– Не перебивай! – строго поглядел на него крестьянин и продолжил: – К чему ведёт подобный фанатизм? Прежде всего, он ставит в тупик физику микромира. Потому что поиск единой формулы поля – всё равно что попытка одной математической функцией описать все звёздные миры галактики. Такое выражение всё же имеет место быть, вот только если в него будут введены данные многих триллионов функциональных зависимостей звёзд и планет всей галактики. Понятно, такое выражение под силу только высшему разуму, состоящему из множества полевых структур, базирующихся на вакуумном потенциале банка данных о свойствах материи. Вывод напрашивается неутешительный. Получается, все авраамические религии посредством своего «единого Бога» призваны парализовать науку, которая могла бы объяснить человечеству устройство Мироздания. Как итог: культы эти запирают цивилизацию на планете. Чёрными душами сделано всё, чтобы люди не могли понять, как устроен физический вакуум, и не догадались о свойствах многомерного пространства. Ведь тогда человечество выйдет за рамки дозволенного, и начнёт посещать другие миры. Тогда управлять им станет невозможно, оно разберётся со своим прошлым и обретёт будущее. Пора бы уже таким отпетым бездарям как вы осознать, что существует только одно единство. То самое, которое в бесконечном многообразии. Другого нет и не будет. А простые иудеи, мусульмане и христиане, несчастнейшие из людей – все они жертвы обмана и рабы злобного эгрегора, который никаким Богом естественно не является. Об этом говорил ещё Иисус Христос, смело называя вещи своими именами. Если быть точнее, то иудейского Иегову поносил Иисус – лжецом и отцом лжи. Точнее и не скажешь! А остальные что? Разве католики или протестанты поклоняются другому богу? Все они почитают ветхозаветного Яхве-Элохима. Другого Бога у них нет. От Элохима, кстати, произошло название «Аллах». Вот вам и все ваши религии. Теперь отличие нашего от вашего. Наш славянский Род совсем другое дело. Слово «Род» говорит само за себя! Род – это совокупное сознание всего материального и духовного, в том числе и всех видов разумных существ во вселенной. Единство, которое соткано из бесконечного количества множеств. Именно поэтому мы все являемся частью Творца, а он повсюду. А что ваш Иегова или Сет-Амон? Разница есть? Разница бесконечна.
– Братва! Да перед нами язычник поганый! Перед нами злейший враг! – злобно прохрипел ребе, едва крестьянин успел закончить.
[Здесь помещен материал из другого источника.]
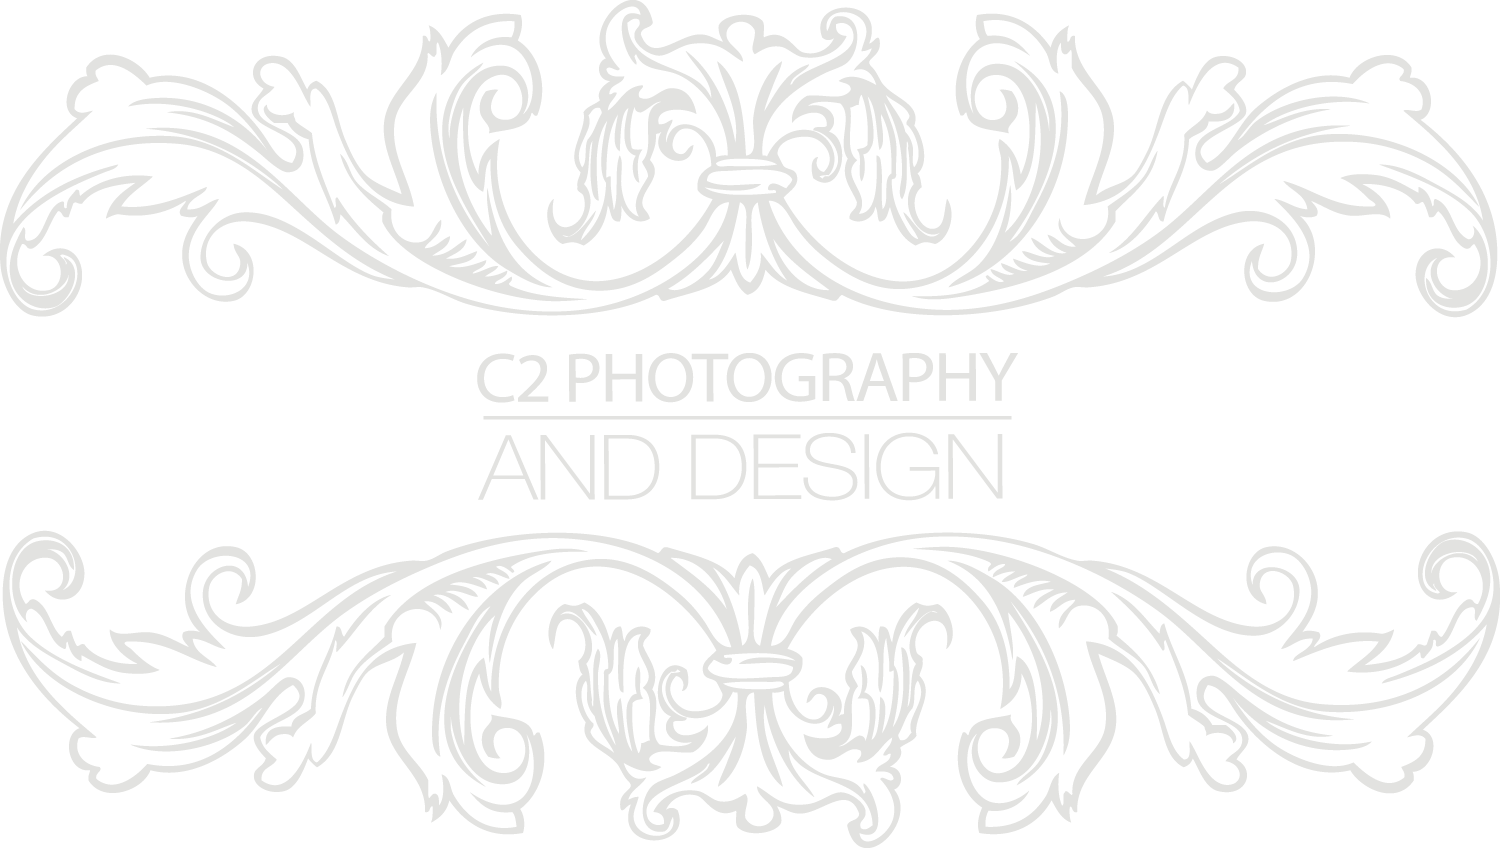 C2 Photography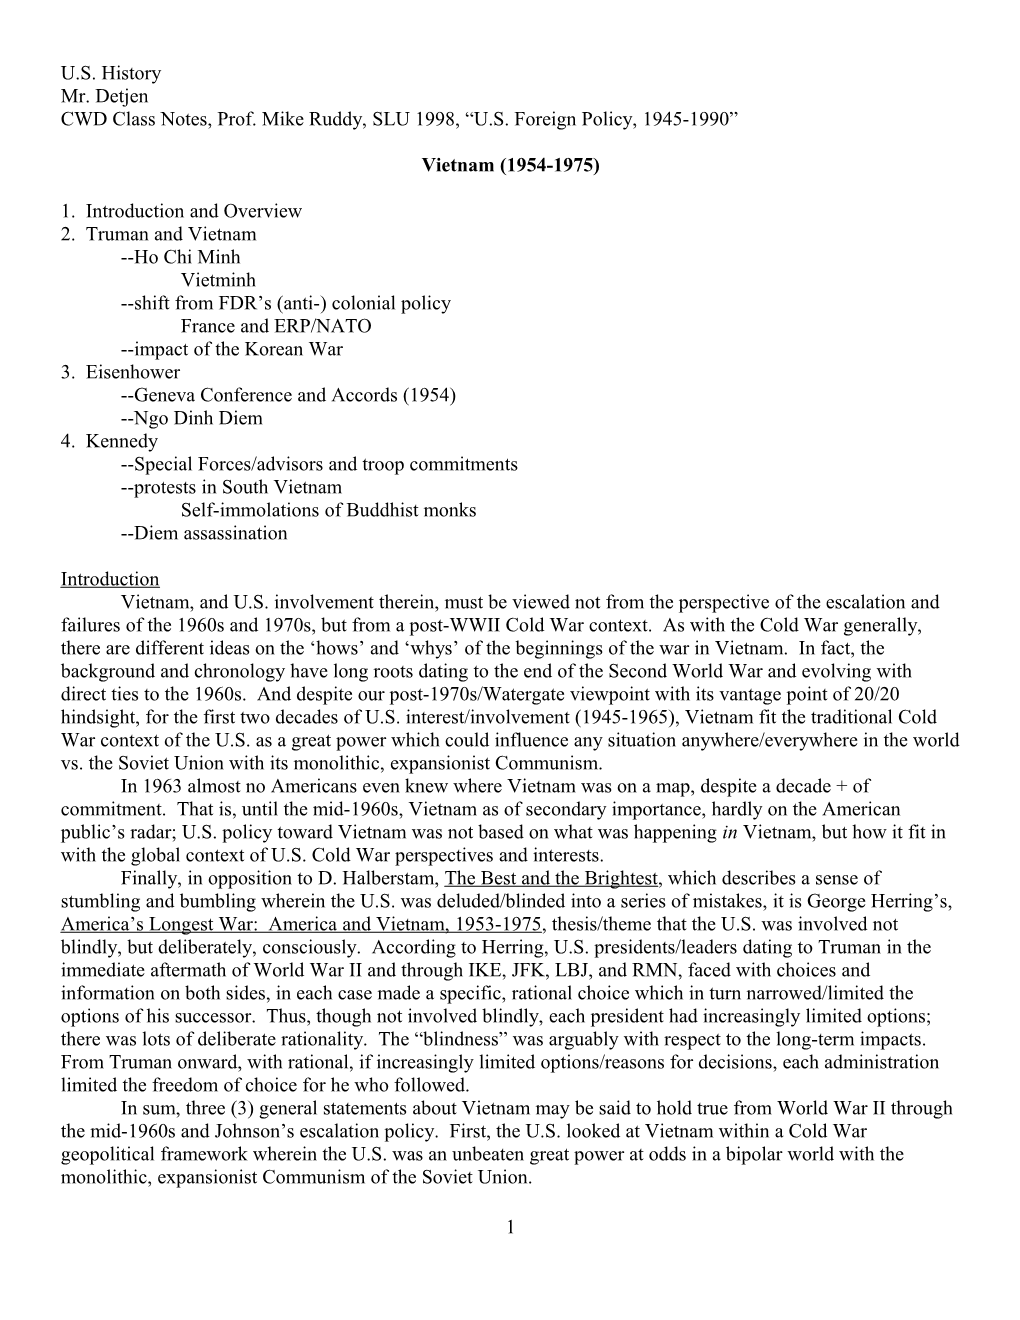 CWD Class Notes, Prof. Mike Ruddy, SLU 1998, U.S. Foreign Policy, 1945-1990

– Суждения твои, о свет очей моих, драгоценный ребе-джан, по мощи своей и широте размаха, сравнимы разве что с узорчатым гобеленом вселенной. Мне этот ханыга тоже сразу не понравился, – плевался и икал имам.
– Поначалу и мне казалось, будто просто блаженный поблажит немножечко, да, зараза, успокоится… Мол, ничего страшного, – выкашливал каждое слово поп, а у самого бельма выкатились из глазниц и покрылись сеточкой покрасневших сосудов, как если бы поп не спал трое суток, да к тому же бражничал. – Не тут-то было! Теперь всё встало на свои места. Натурально перед нами подвижник ордена Гора-Рарога и подвижник этот уже давно как дышит в долг.
– А ведь я знал! – хитро улыбался на это крестьянин. – Прекрасно знал, что поиск истины неизлечимых имбецилов и эгоистов волнует меньше всего. С такими, как вы, бессмысленно спорить. Для вас истина – исключительно то, что вы сами выдаёте. Самодуры вроде вас всего-навсего тем и заняты, что везде и всюду навязывают свою убогую точку зрения да сеют смуту. Отсюда, между прочим, и ваше внешнее корявое уродство, ведь внутренний мир человека всегда отражается в его внешности. У дегенератов повсеместно всё наоборот, белое – это чёрное, а чёрное – это белое. С ног на голову в мозгах, да и в штанишках зачатую тоже. Поэтому всякая чухня для вас кажется значимой вещью, а всё значимое – чушью… Так называемый феномен Даннинга-Крюгера в действии. Слыхали о таком? Хотя кого это я спрашиваю!.. Заключается он в следующем: сплошь и рядом попадаются людишки, тупые настолько, что не в силах осознать своей собственной тупости. С такими работать – бесполезная трата времени. С такими убеждёнными идиотами, стоит только завести беседу, волей-неволей сам отупеешь. Пробуя их исправить, научить чему-то, вы способны только навредить им ещё сильней. Сделать ещё глупее. Вот вам и справедливый во все века фразеологизм, взятый из нагорной проповеди: «Не стоит метать бисер перед свиньями». Есть у него и продолжение: «… чтобы они не попрали его ногами своими и, обратившись, не растерзали вас». Всё доходчиво объяснил? Ах, да! Забыл совсем. Я же именно тем сейчас и занят, что разбрасываю бисер… Чёрт побери… Как раз перед свиньями… Другой рецепт для вас сгодится. Лечиться вам необходимо, милостивые государи. Не где попало, а на какой-нибудь психушной даче да с каким-нибудь именитым профессором во главе. И чем скорее, тем лучше.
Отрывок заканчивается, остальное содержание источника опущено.